Exercise data:

┏━━

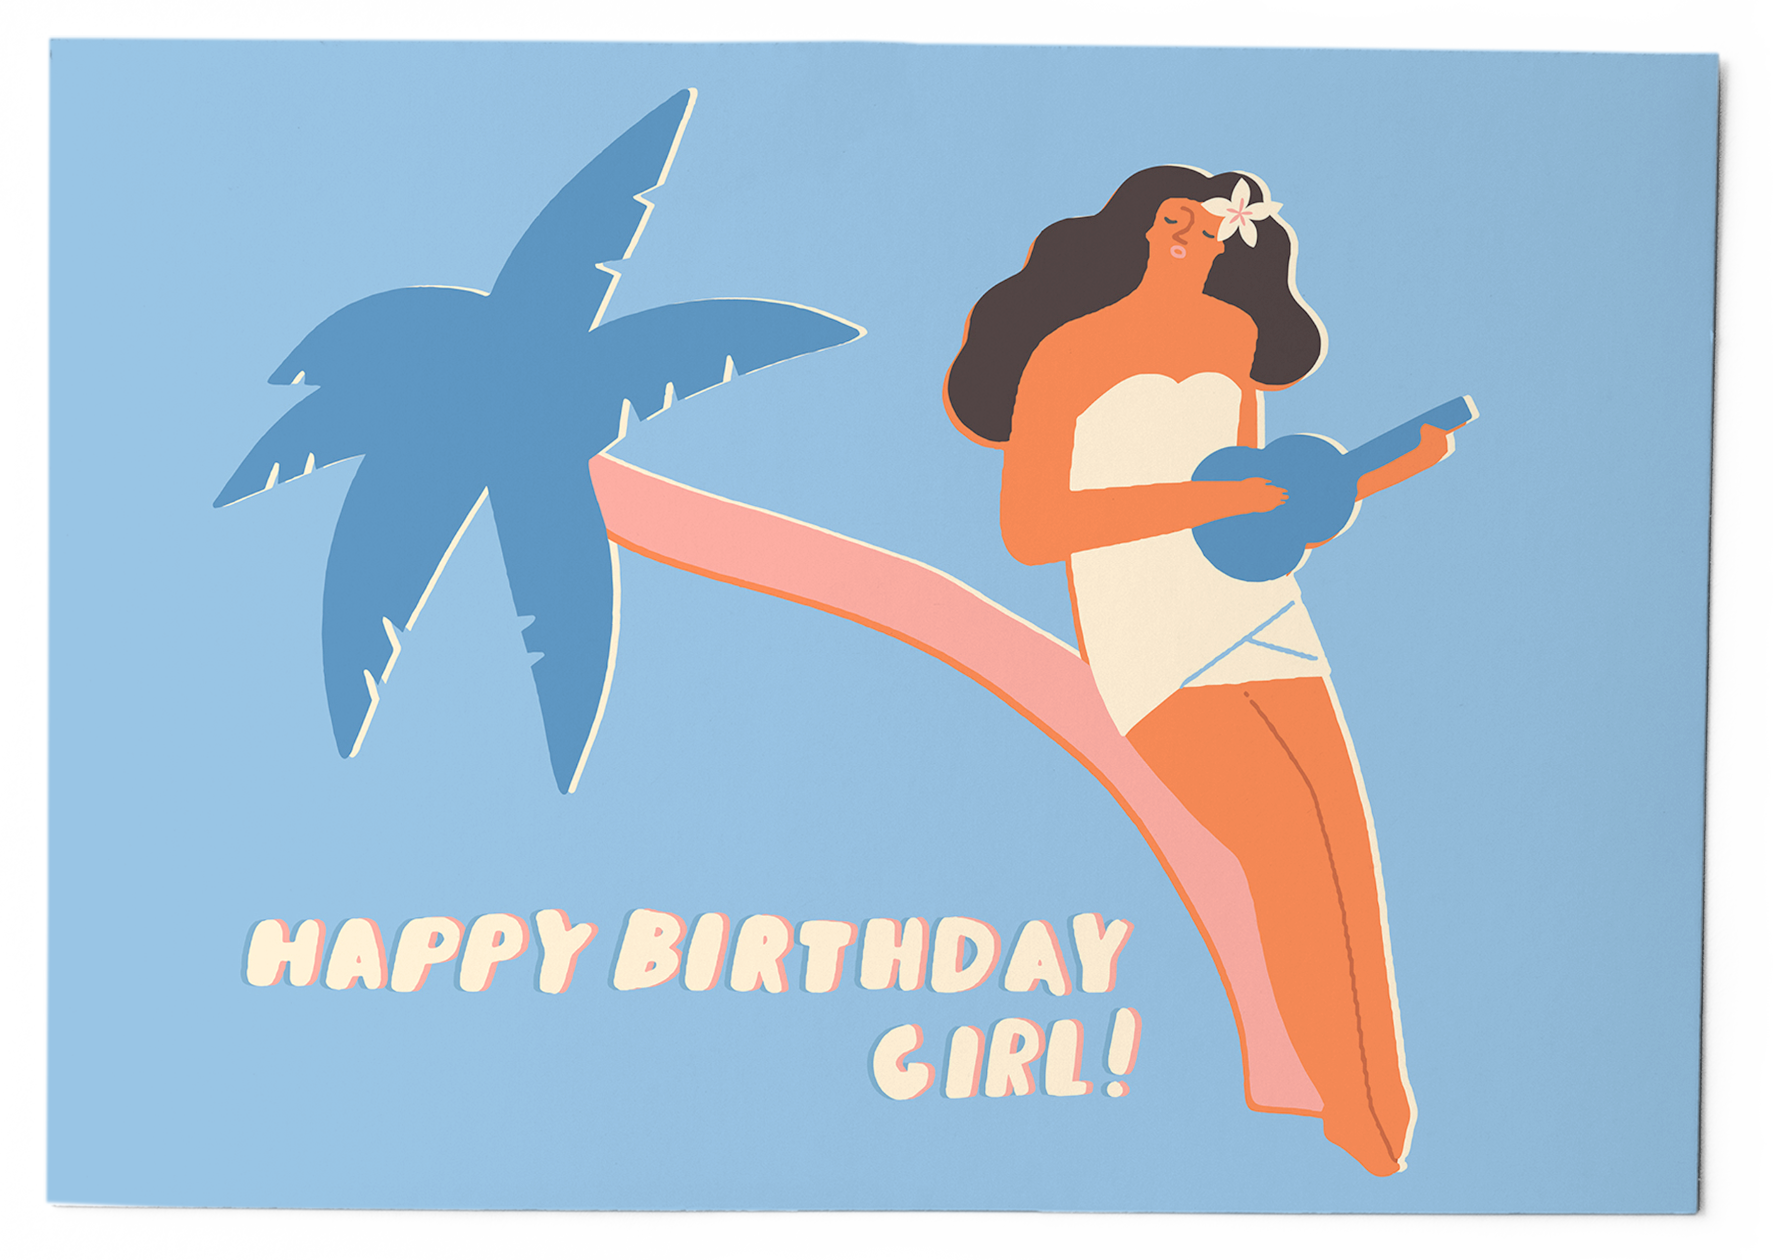 Happy birthday - Card
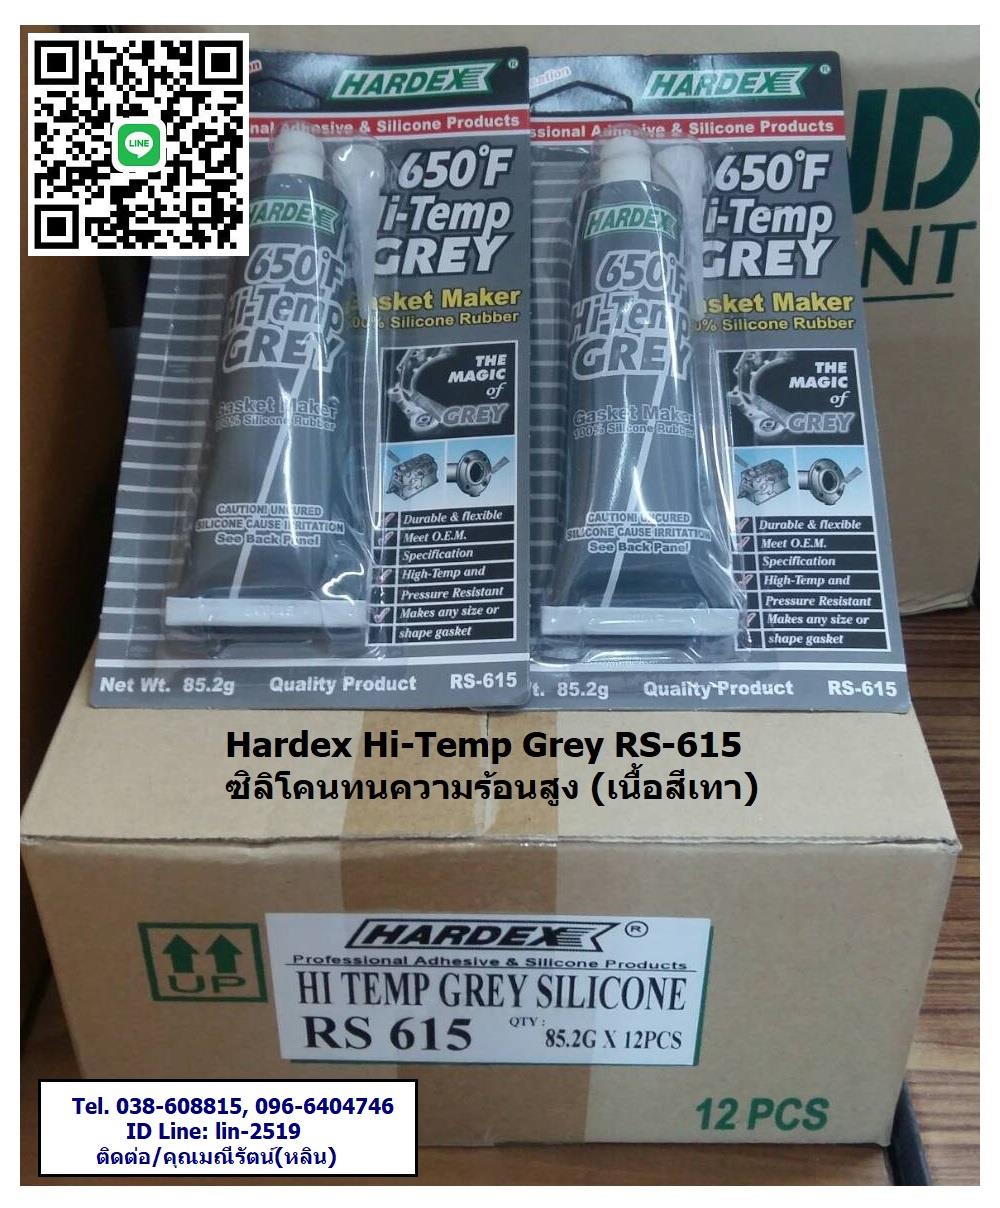 Hardex Hi-Temp Gray Gasket Maker RS-615 ซิลิโคนประเก็นเหลวทนความร้อน ซีลกันน้ำและน้ำมันของทุกชิ้นส่วนอุปกรณ์ต่าง ๆ ที่เกี่ยวกับความร้อนโดยเฉพาะของเครื่องยนต์,Hardex Hi-Temp Grey, ซิลิโคนทนความร้อนสีเทา, ซิลิโคนปะเก็นเหลว, กาวซิลิโคน, ซีลยาแนวโลหะที่มีความร้อน, gasket maker,,็Hardex,Chemicals/Silicon
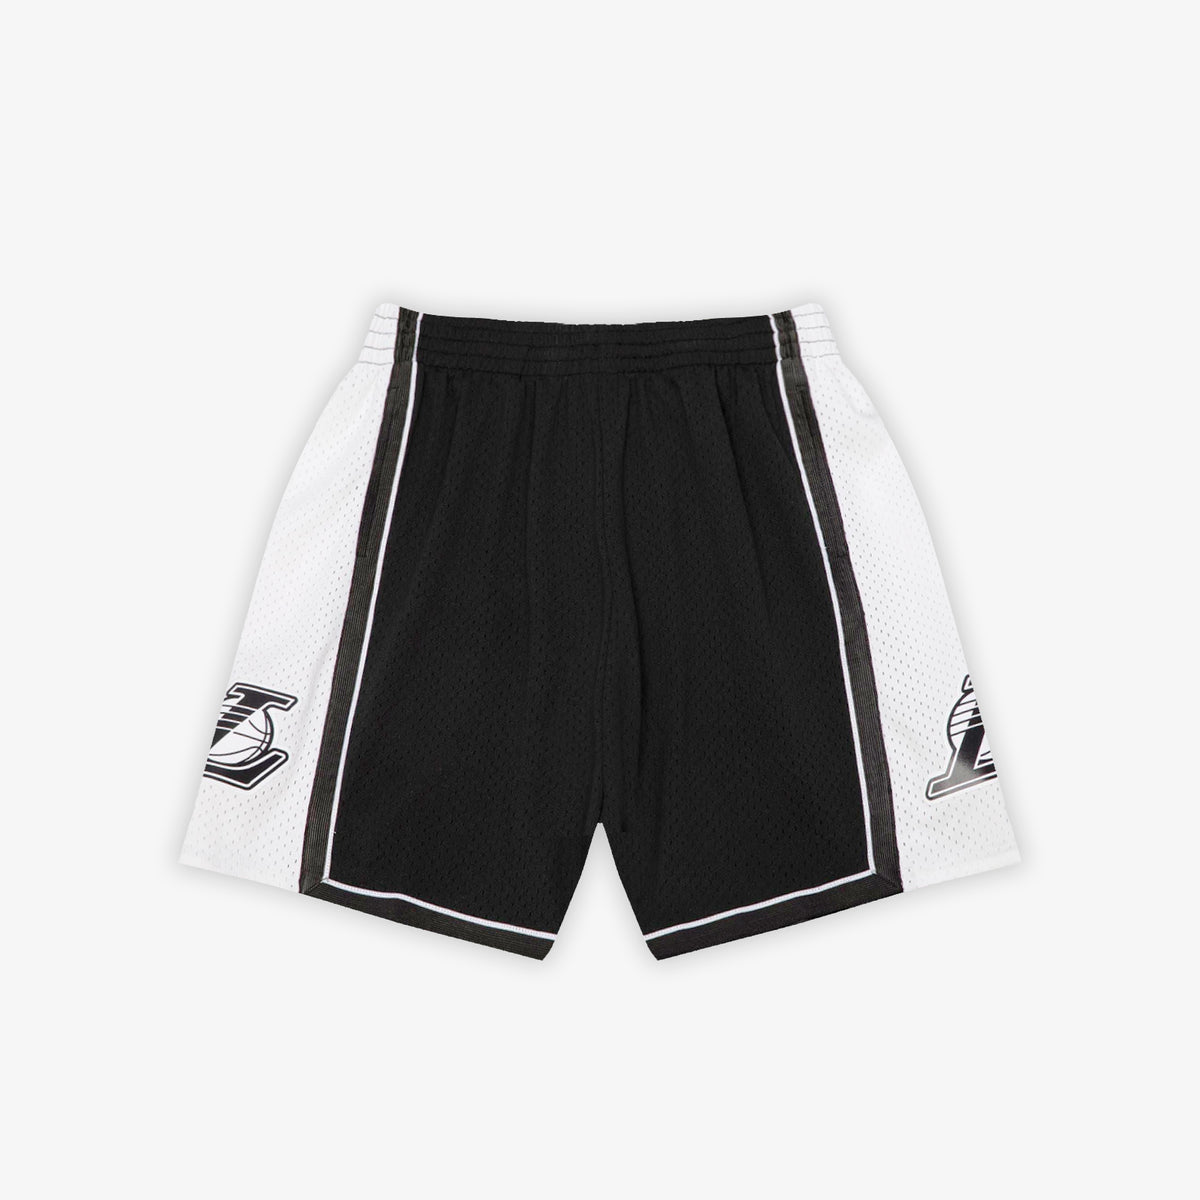 Los Angeles Lakers White Logo Swingman Shorts - Black

┗━━

Assignment: Return the material in full and unaltered, minus its pictures.

Answer below:
 Happy birthday - Card
 Hardex Hi-Temp Gray Gasket Maker RS-615 ซิลิโคนประเก็นเหลวทนความร้อน ซีลกันน้ำและน้ำมันของทุกชิ้นส่วนอุปกรณ์ต่าง ๆ ที่เกี่ยวกับความร้อนโดยเฉพาะของเครื่องยนต์,Hardex Hi-Temp Grey, ซิลิโคนทนความร้อนสีเทา, ซิลิโคนปะเก็นเหลว, กาวซิลิโคน, ซีลยาแนวโลหะที่มีความร้อน, gasket maker,,็Hardex,Chemicals/Silicon
 Los Angeles Lakers White Logo Swingman Shorts - Black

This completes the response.